=== Aim of the exercise ===
Look for the line containing "Das Lincoln Memorial, Washington" and the line containing "Heart flower earrings Silver Stainless Steel" in the entries below. Copy those two and all lines between them exactly, leaving out pictures.

=== Excerpted records ===
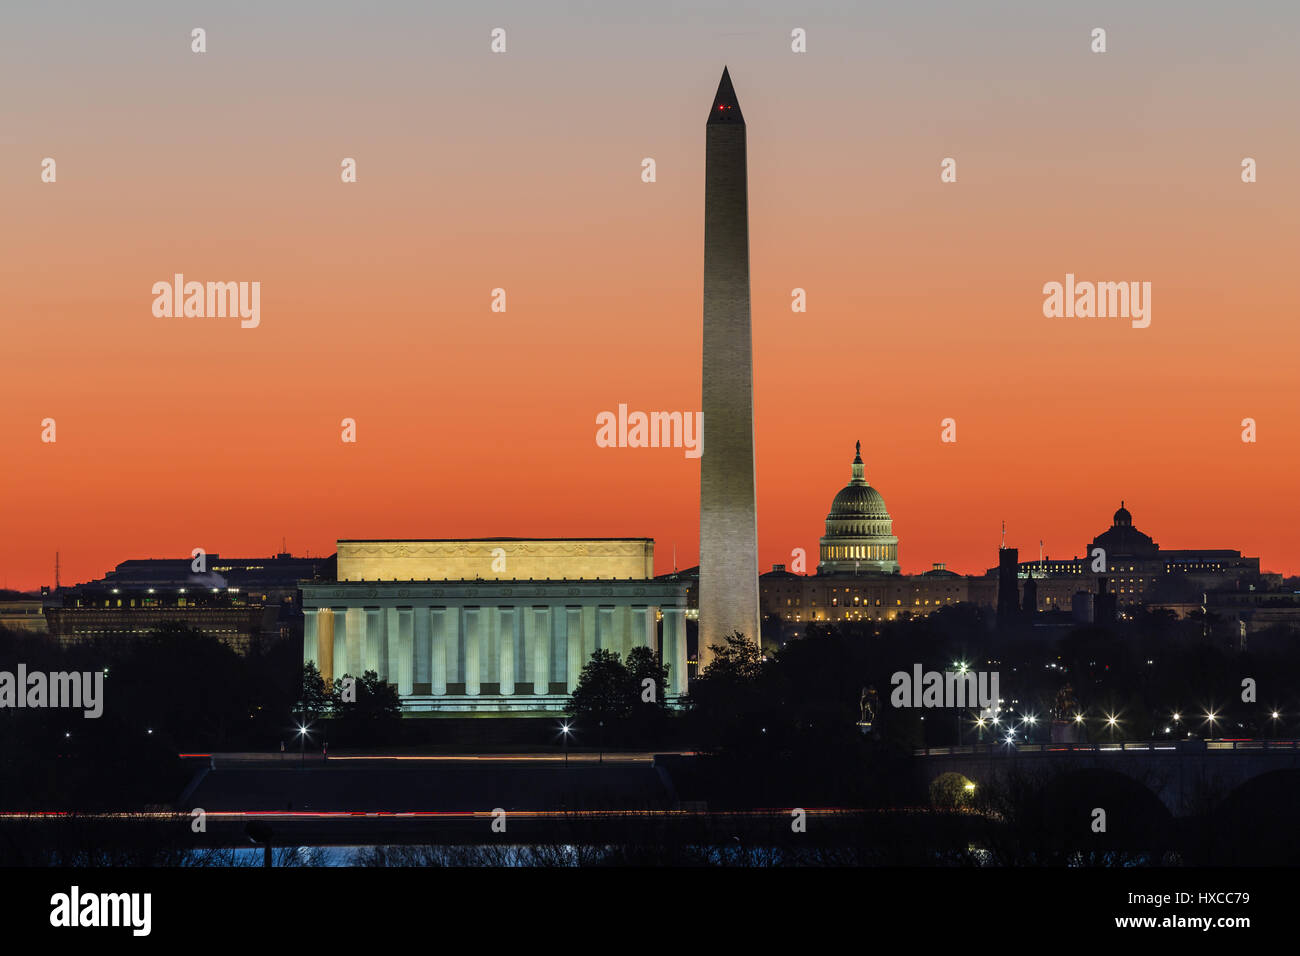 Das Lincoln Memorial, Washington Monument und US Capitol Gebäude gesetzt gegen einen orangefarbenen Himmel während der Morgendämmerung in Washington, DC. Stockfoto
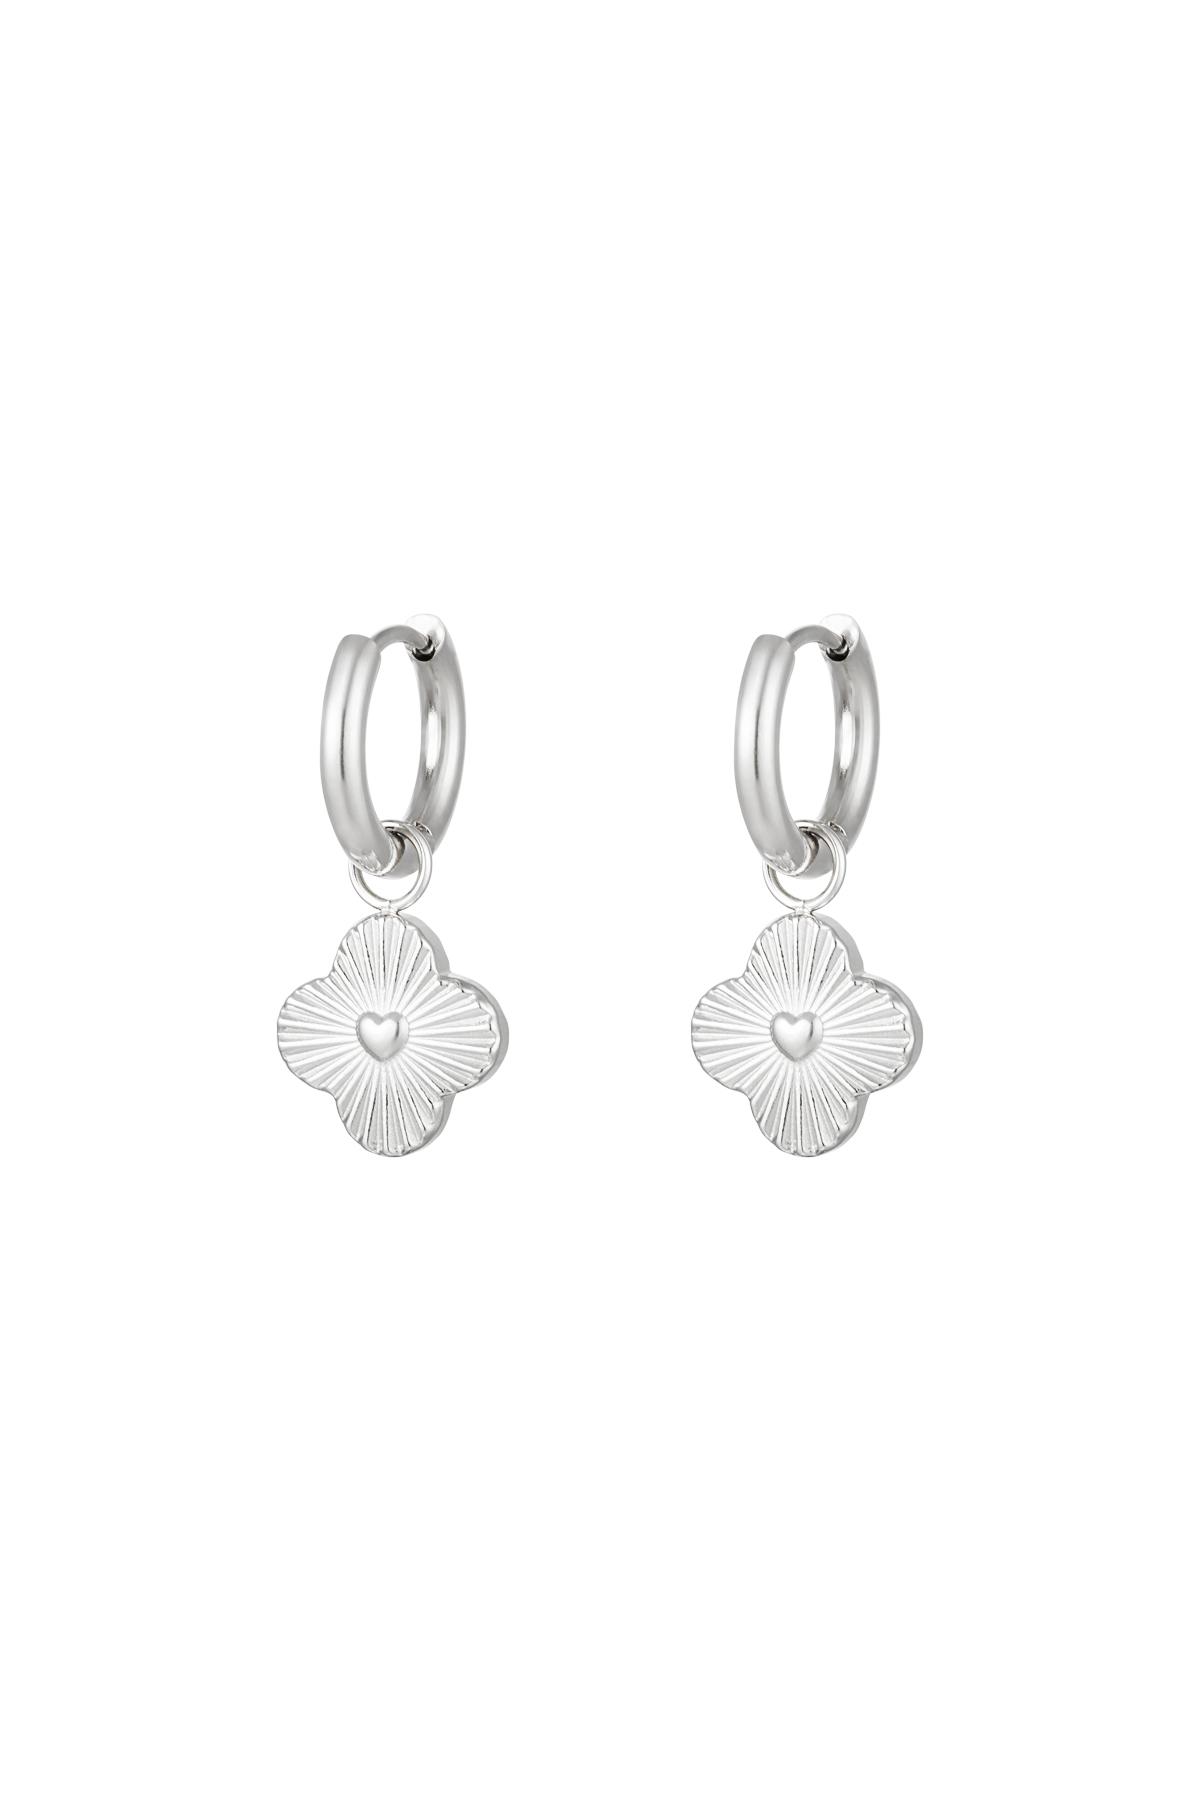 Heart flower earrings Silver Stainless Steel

* * *

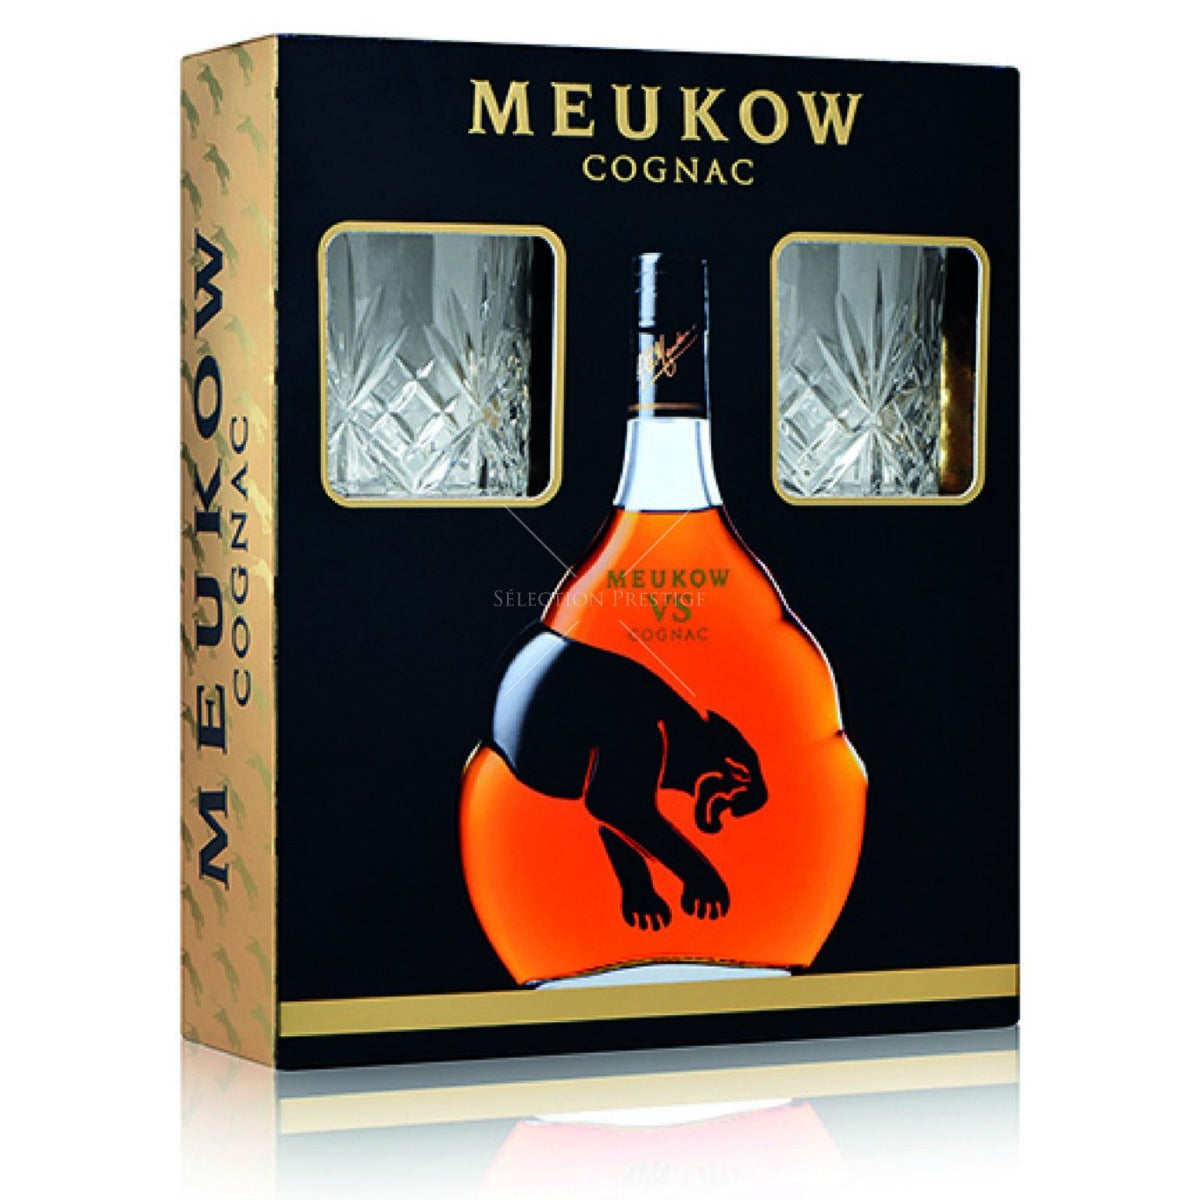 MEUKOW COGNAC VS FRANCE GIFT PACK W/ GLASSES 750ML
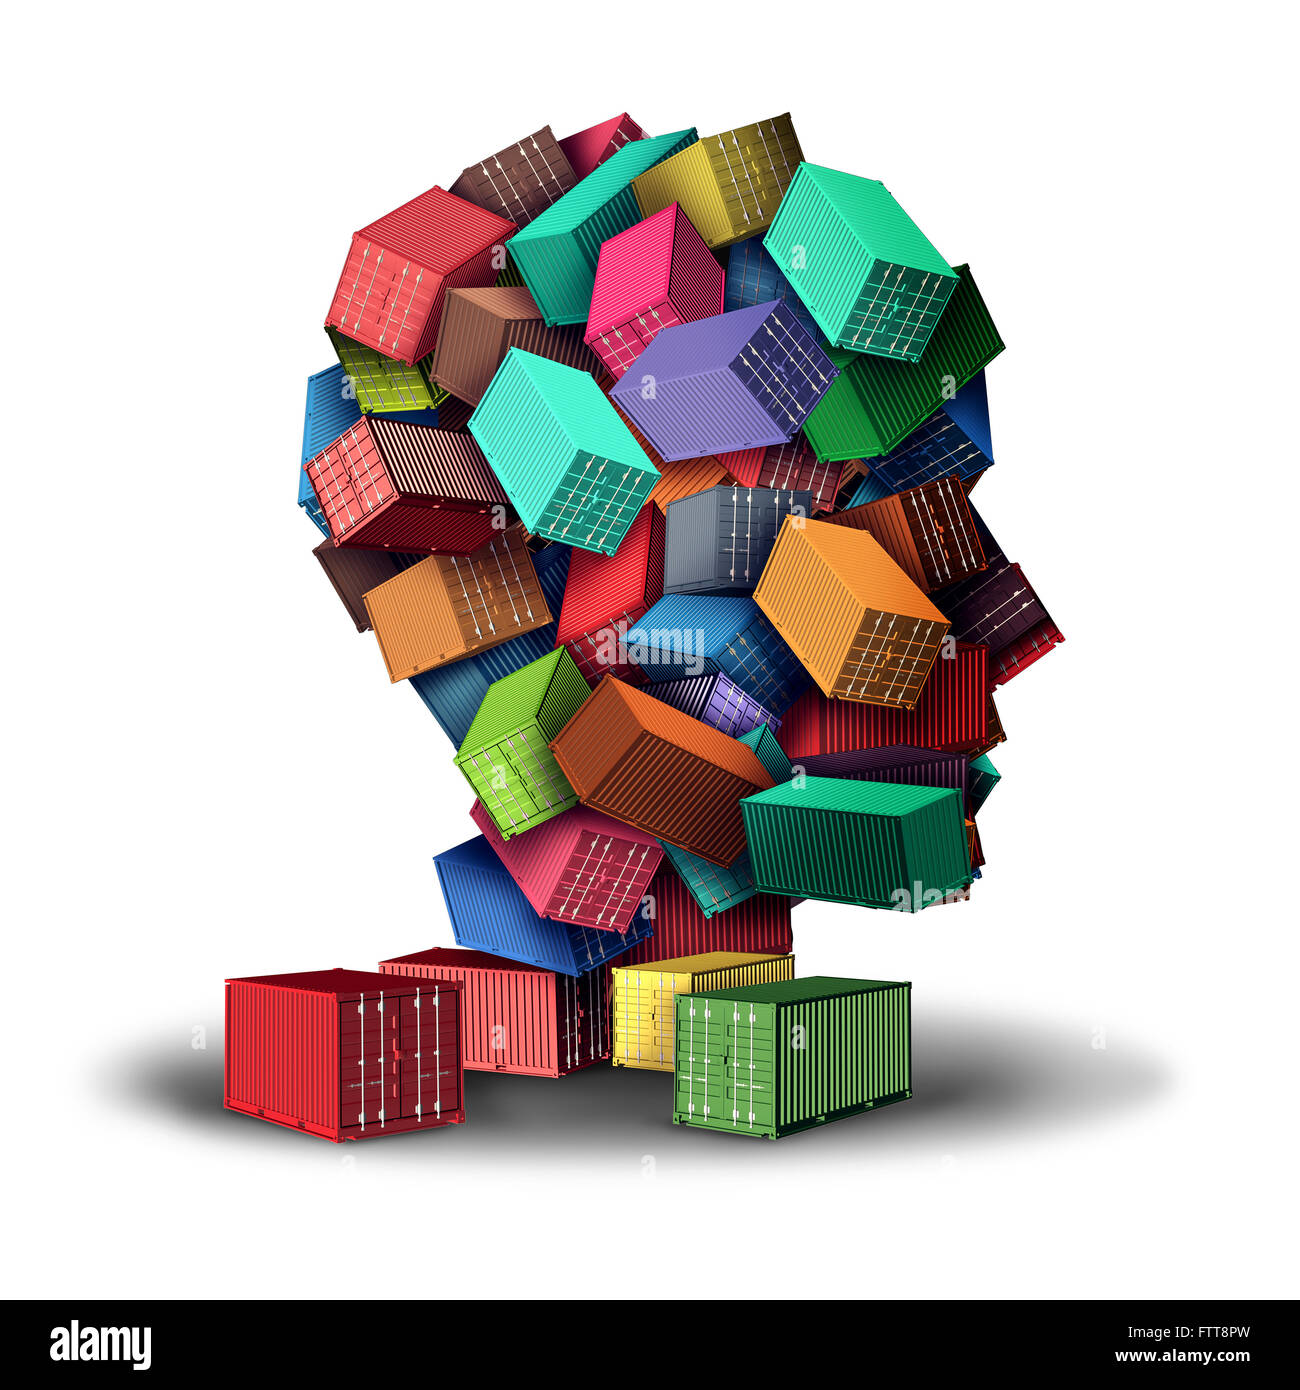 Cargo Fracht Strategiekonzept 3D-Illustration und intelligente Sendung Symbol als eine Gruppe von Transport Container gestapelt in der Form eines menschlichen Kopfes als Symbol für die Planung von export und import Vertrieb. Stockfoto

==

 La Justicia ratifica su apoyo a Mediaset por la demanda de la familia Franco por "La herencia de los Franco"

=== Answer ===
 Das Lincoln Memorial, Washington Monument und US Capitol Gebäude gesetzt gegen einen orangefarbenen Himmel während der Morgendämmerung in Washington, DC. Stockfoto
 Heart flower earrings Silver Stainless Steel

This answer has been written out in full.